For years leading to my breakdown, I had been plagued by chronic pain, unrelenting muscle tension, pelvic discomfort, and sleep disruptions that built up to insomnia. When praying my chronic pain and discomfort away didn’t show any results, I turned to medical professionals. I began to frequent GPs who prescribed muscle relaxants and pain medications. I also consulted specialists including a neurologist, rheumatologist, gynecologist, and physiotherapists.
Despite all of this, I still had a breakdown, and that was when I thought it was time that I explored a different solution. For the first time in my life, I mustered the courage to reach out to a psychiatrist. At the end of our first consultation, she told me something I didn’t want to hear - that I needed to be admitted. With the support of my employer, I went ahead, despite the consternation it caused at home. And it was the beginning of my road to discovering and facing the root cause of my symptoms.

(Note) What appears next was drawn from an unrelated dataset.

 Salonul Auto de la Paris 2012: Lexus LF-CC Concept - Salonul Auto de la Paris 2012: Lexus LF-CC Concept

Three weeks of intense trauma therapy and cognitive behavioural therapy revealed that I had suppressed the memory of a traumatic incident of physical abuse when I was about six years old, when my mother beat me all over my body with a belt for losing a new cap. But this was not the end of my experience of trauma. I had grown up in a dysfunctional home, where my parents shouted at and fought with each other. One day, I saw them get physically violent with each other. My home environment was very tense, and I was often alone, unseen, and unnoticed. When my mother did see and notice me, her looks and words were of cutting criticism and censure. My father seemed a little kinder, but he was hardly there.

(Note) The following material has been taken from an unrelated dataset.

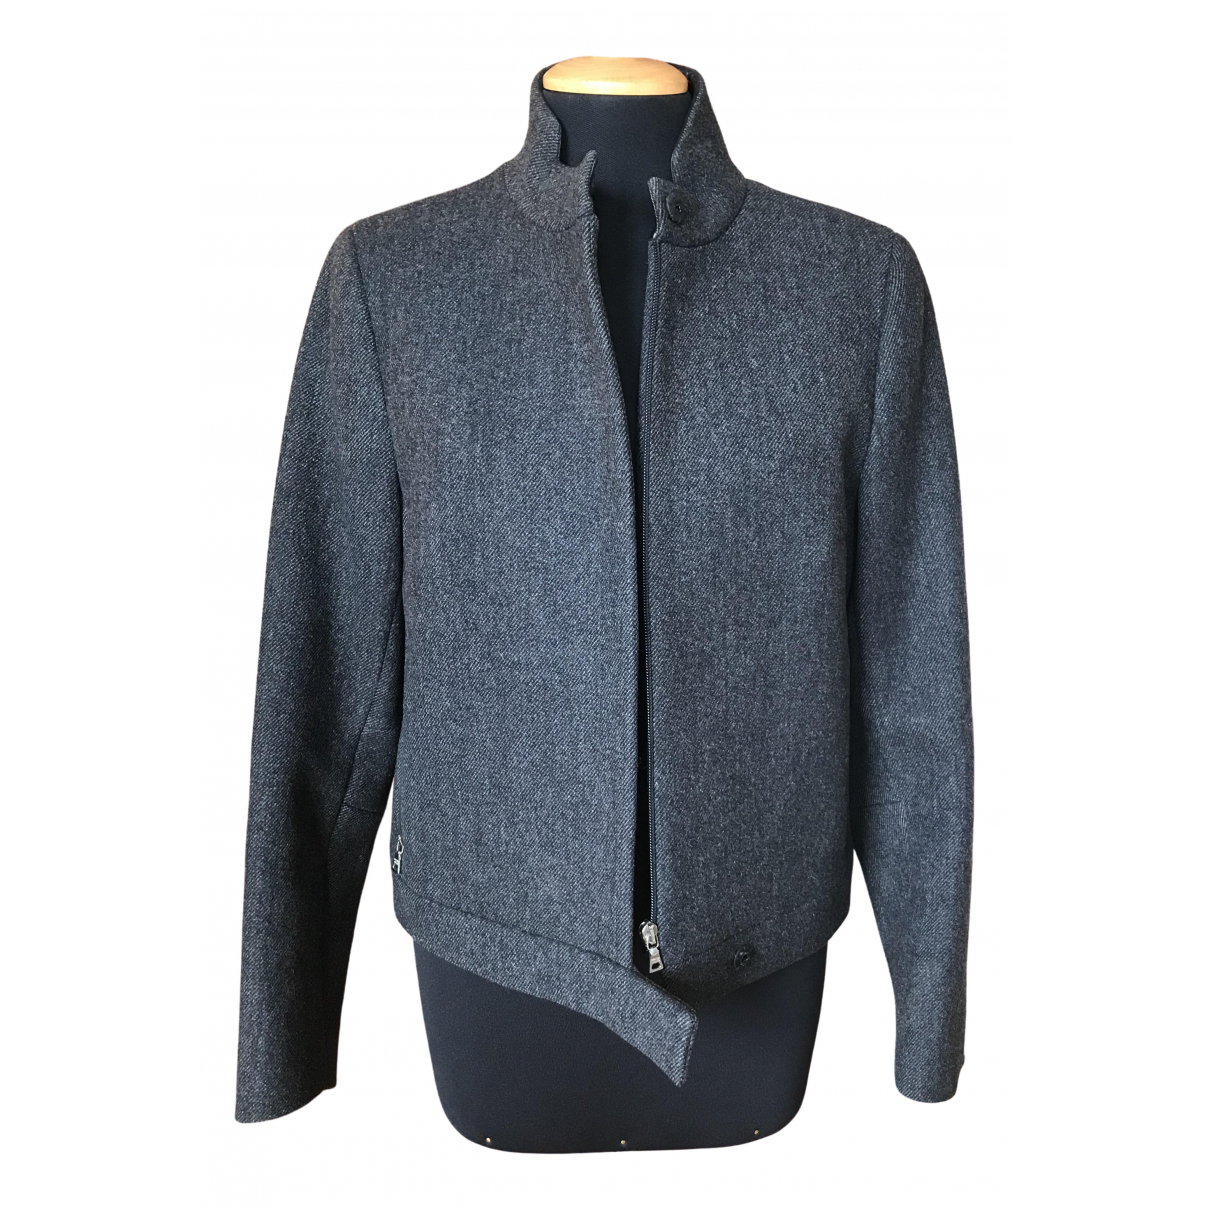 Prada - Veste   pour femme en tweed - anthracite

I longed for the warmth of unconditional love and acceptance, but these have always alluded me. And so even in marriage, I found myself reliving much of the nightmare that I did in my childhood home.

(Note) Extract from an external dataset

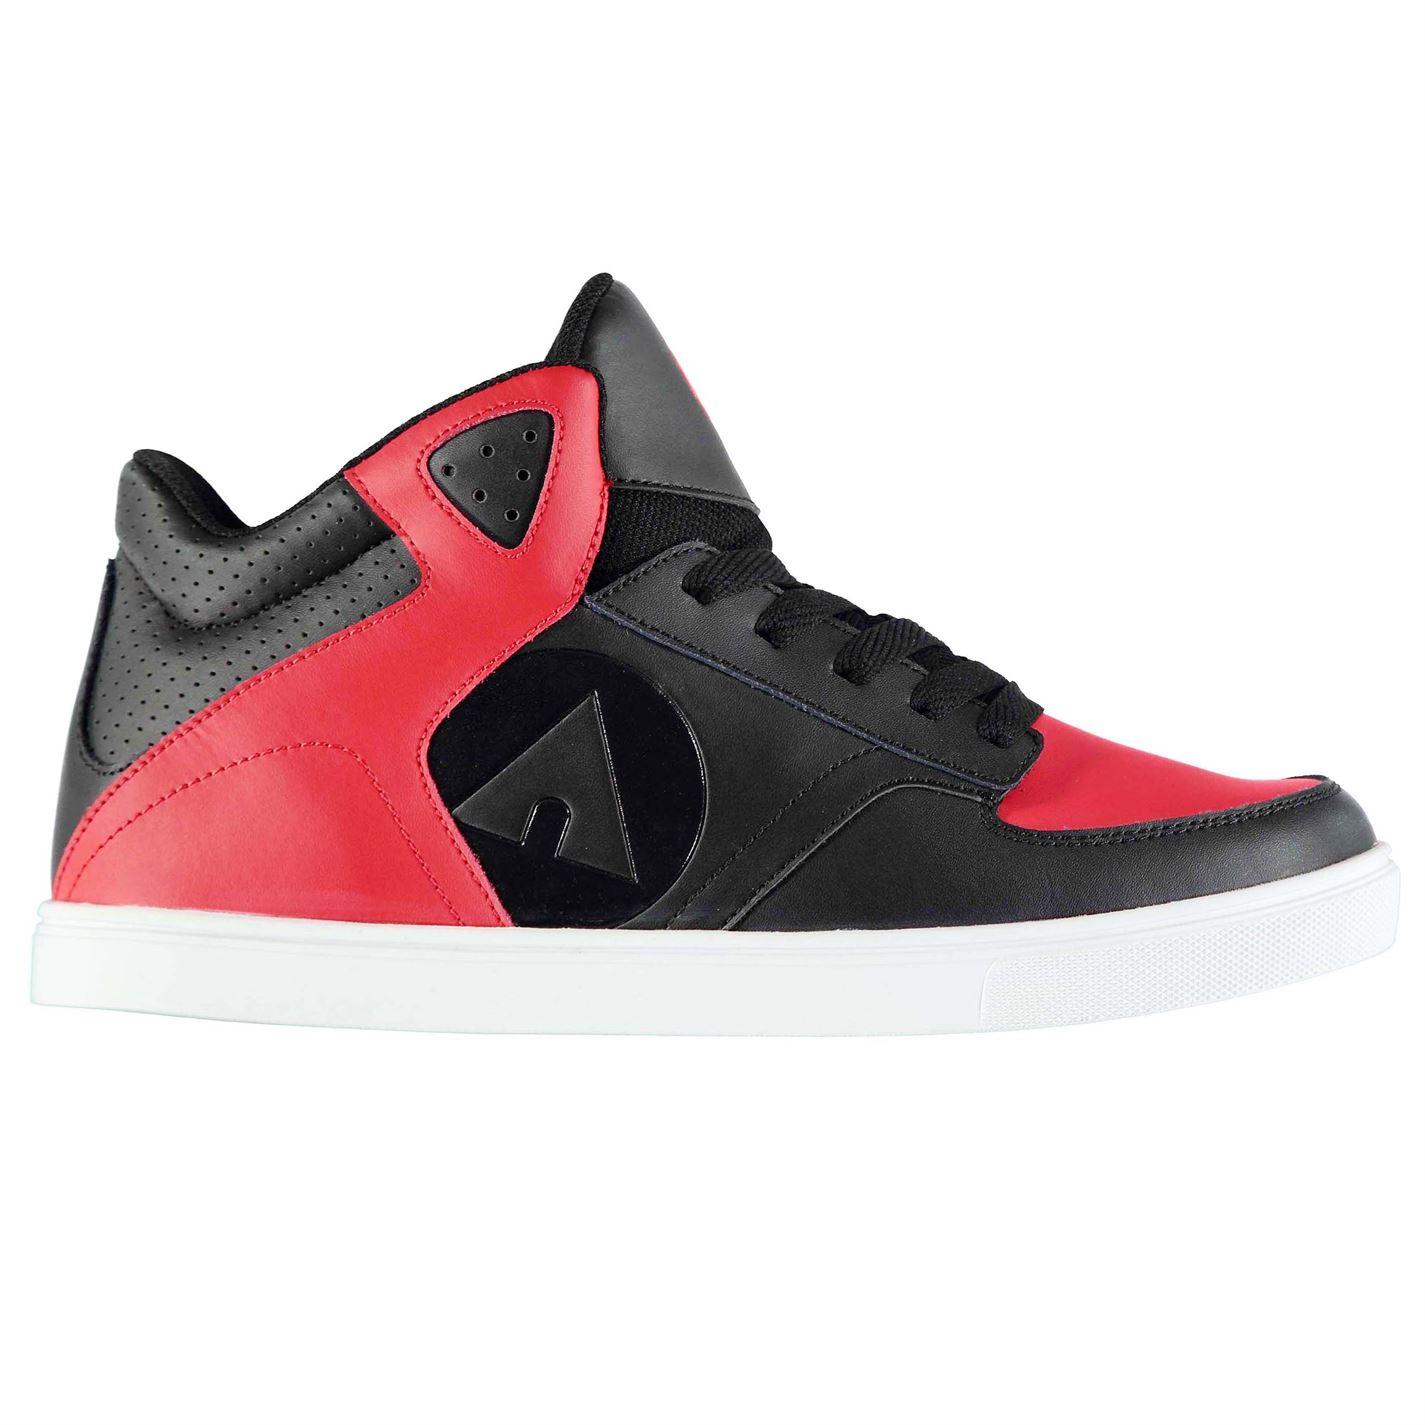 Airwalk Thrasher Mens Skate Shoes

After years of bearing the crushing weight of anxiety and depression fueled by invalidation, manipulation, and devaluation in my marriage, I decided to leave. It took months of intensive trauma therapy and weeks of life and business coaching to come to terms with my unhealthy situation. With the support of a few committed and honest friends, I realised that there was a way out, and that I had options. We always have a choice. No matter how difficult and harrowing the circumstances, we make choices. And those choices either serve to empower us or to lead us into a greater state of hopelessness, helplessness, and powerlessness. “
For me, it began with taking responsibility for myself. For years I was paralysed by the fear of the unknown. So I had to challenge myself: if staying wasn’t healing but harming me, how much worse could leaving be?
Then, I had to begin to set boundaries. The first one was accepting that I only have control over myself. I could never force or convince someone to do something they just weren’t willing to do. If I was staying because I hoped that my husband would change and that my family would be miraculously transformed, I was focusing on the wrong person. It was not other people’s minds that I needed to change, but my own.
Because I had been isolated for such a long time, I had started believing that there was no one I could trust. Opening myself up and being vulnerable to a few people, in my case my therapist, psychiatrist and coach, helped me to see that there were people outside of my family who are in my corner. And for the first time in my life, I could see that life is not black and white. I could take the risk of trusting myself and trusting other people – not everybody was out to exploit, hurt and abuse me.
Getting educated about my mental health, finding support, and taking responsibility for myself all helped to restore my hope – hope that I could get unstuck, that healing is possible, and that all is not lost. It helped me to find the courage I needed to walk away and to take back my power.